PROVIDED DATA:
******************************
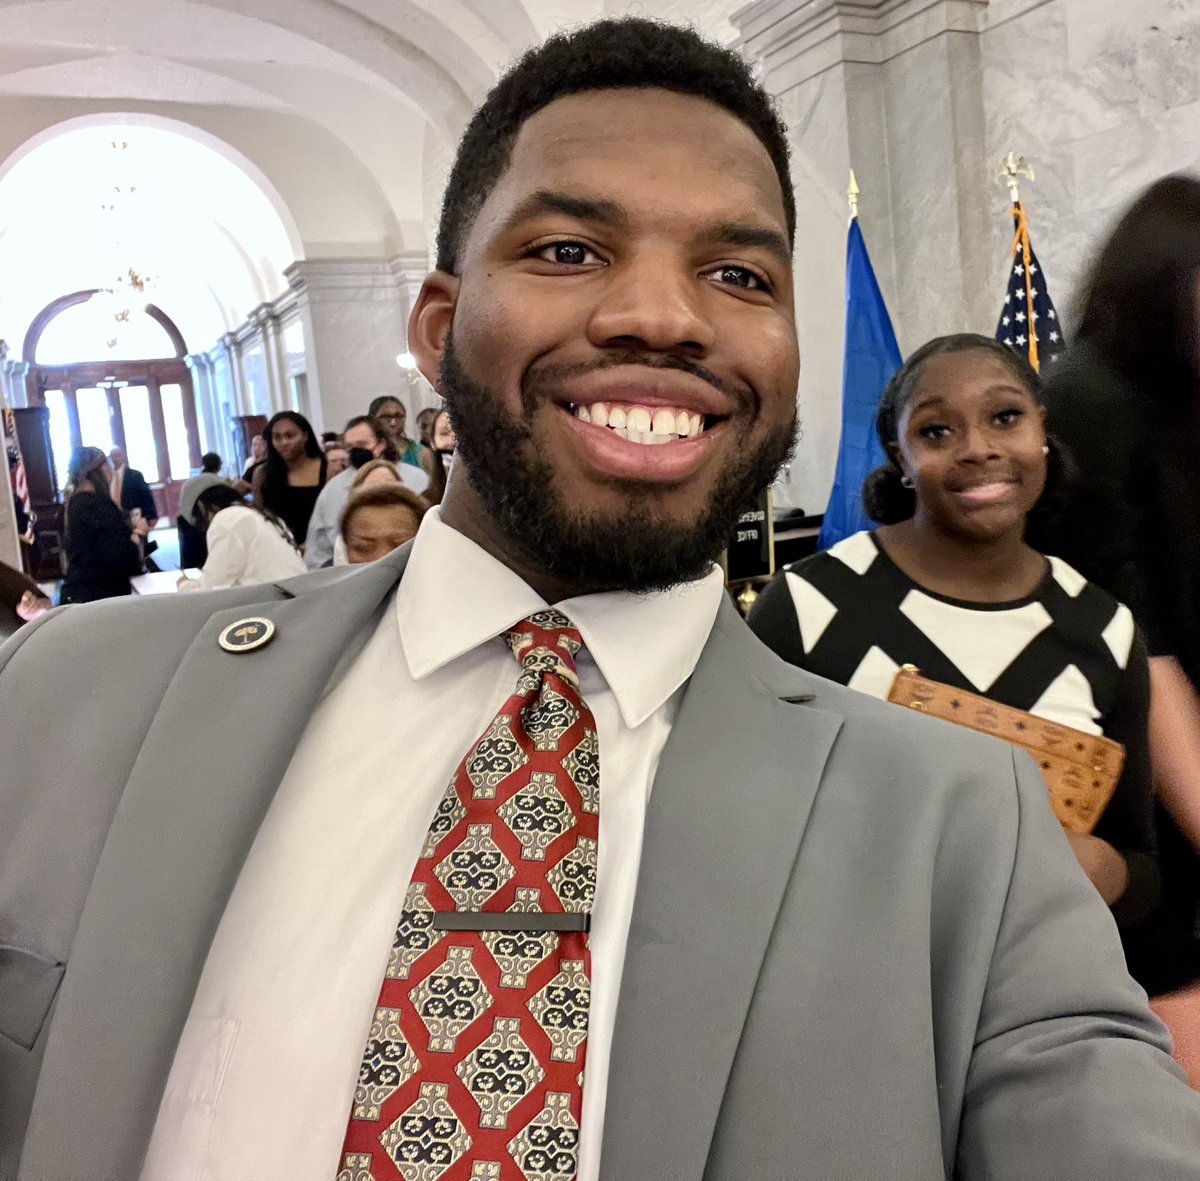 THE CHAMP IS HERE! It was great having @GamecockWBB here at the capitol. Congrats on bringing home another National title. 🏆🏀🐔 @aa_boston @QueenBrea_1 @HollywoodRaven @dh3so3hd
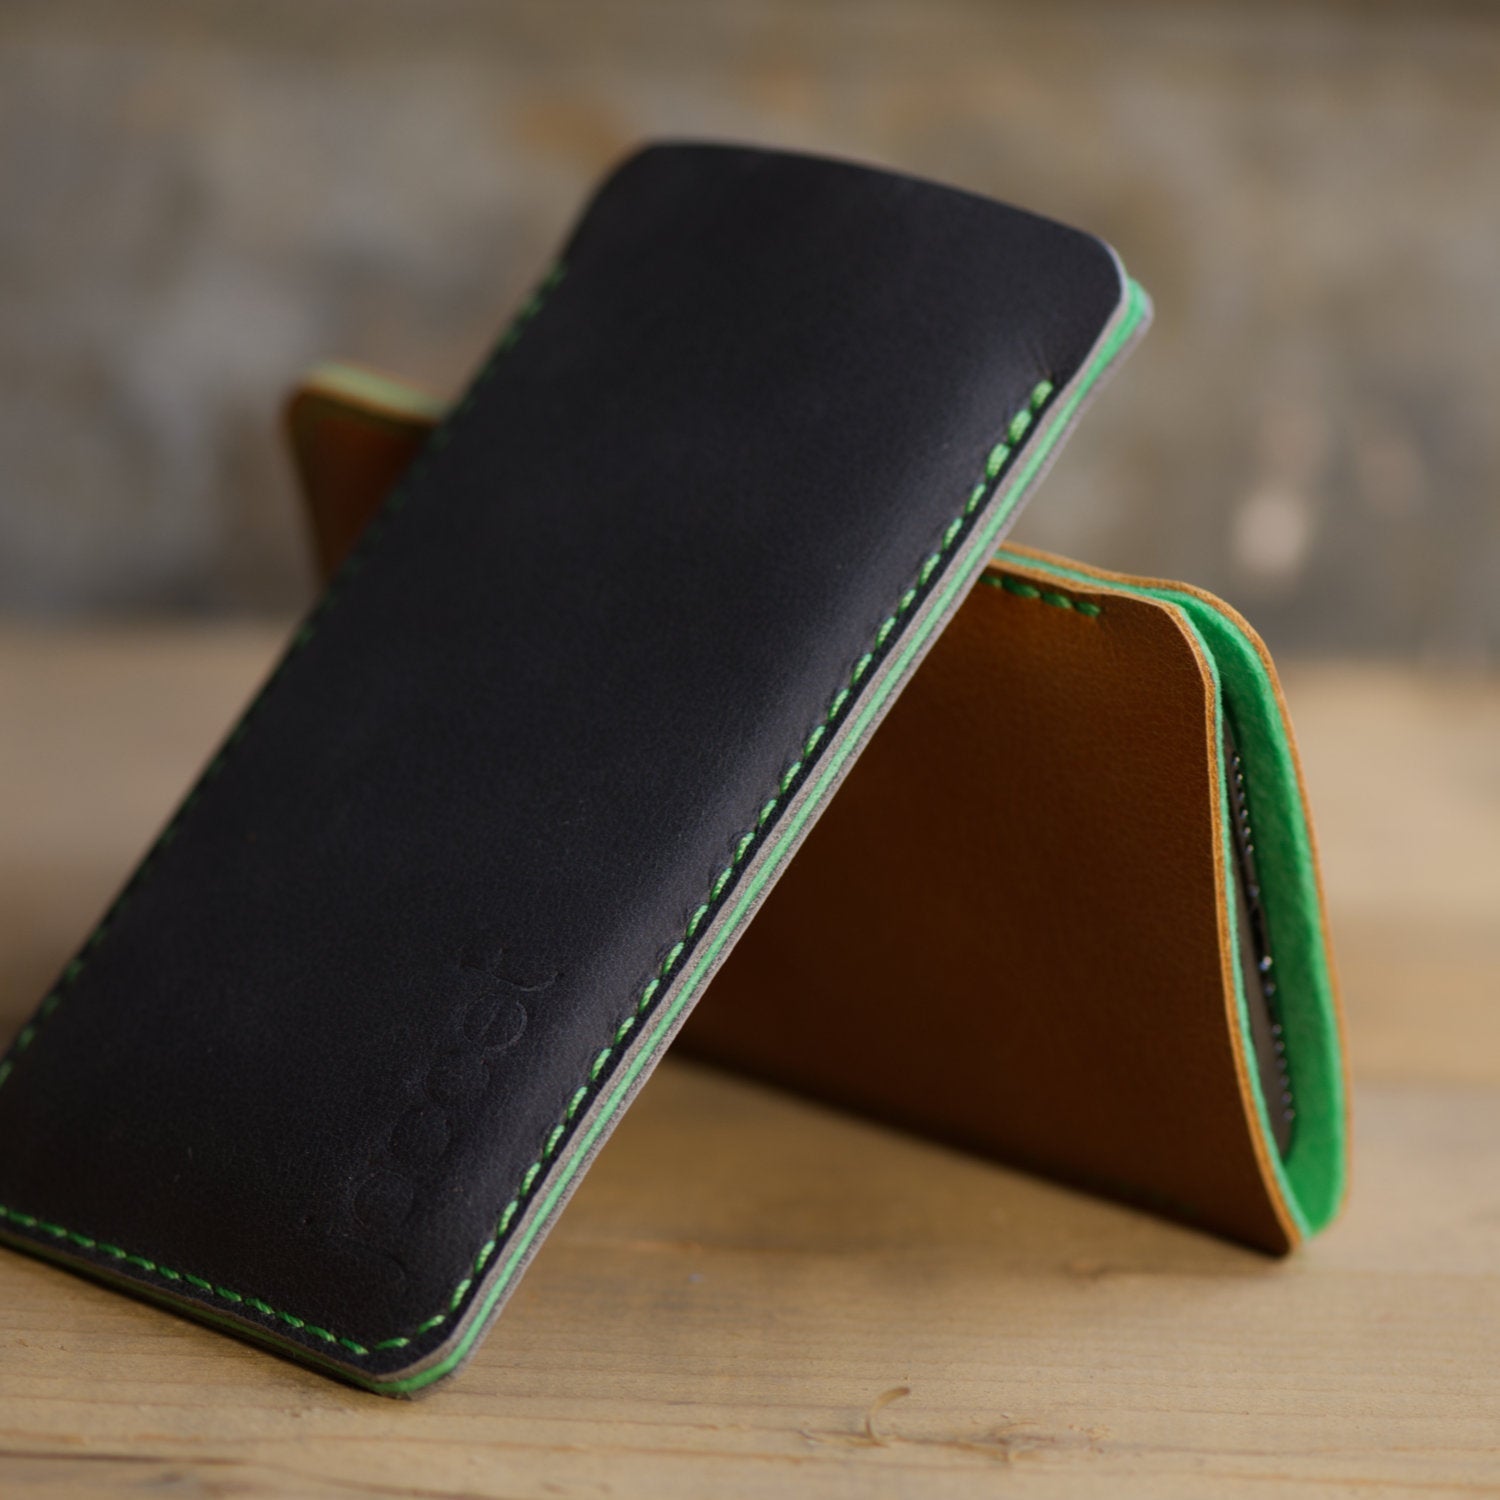 JACCET leather Google Pixel sleeve - anthracite/black leather with green wool felt. 100% Handmade
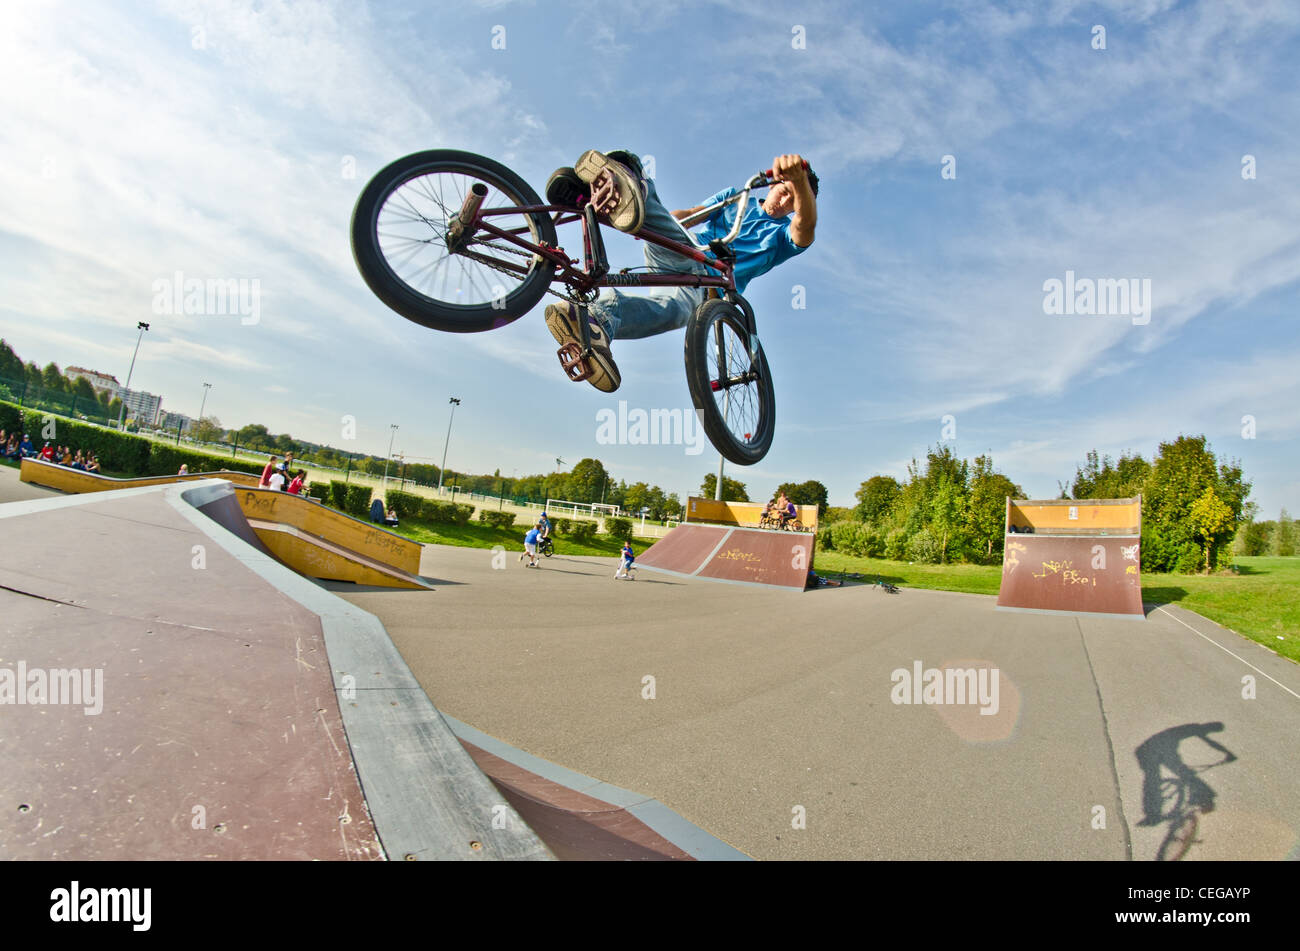 bmx france lookback air aerial b m x skate parc sky in the air shooes jeans sport extreme Stock Photo
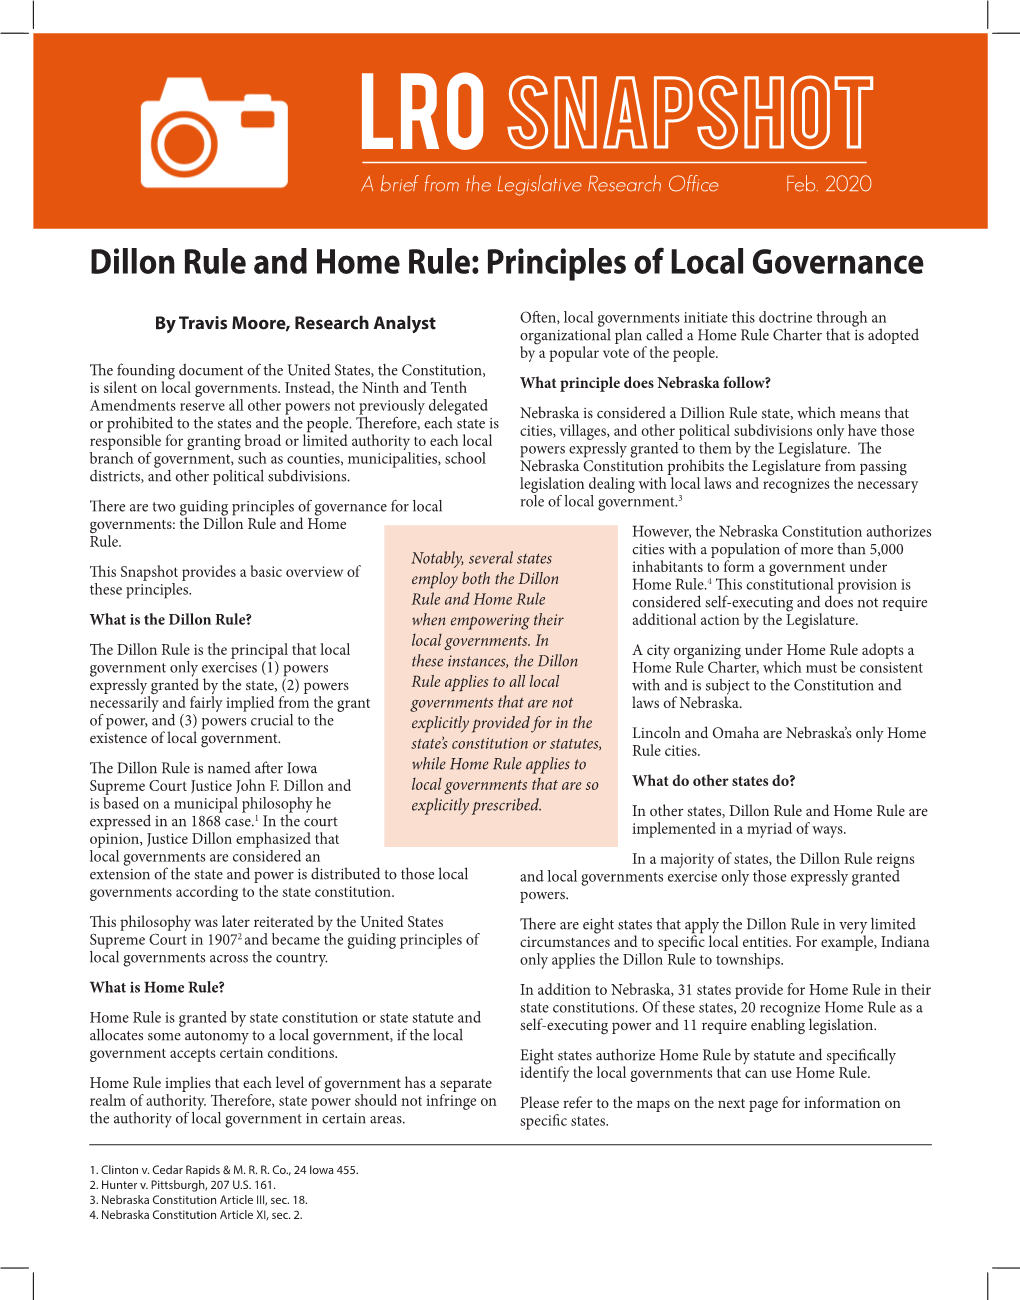 2020 Dillon Rule and Home Rule: Principles of Local Governance
******************************
REQUIRED WORK: Retype all of the listing word for word and skip the pictures.

TASK ANSWER:
 THE CHAMP IS HERE! It was great having @GamecockWBB here at the capitol. Congrats on bringing home another National title. 🏆🏀🐔 @aa_boston @QueenBrea_1 @HollywoodRaven @dh3so3hd
 JACCET leather Google Pixel sleeve - anthracite/black leather with green wool felt. 100% Handmade
 bmx france lookback air aerial b m x skate parc sky in the air shooes jeans sport extreme Stock Photo
 2020 Dillon Rule and Home Rule: Principles of Local Governance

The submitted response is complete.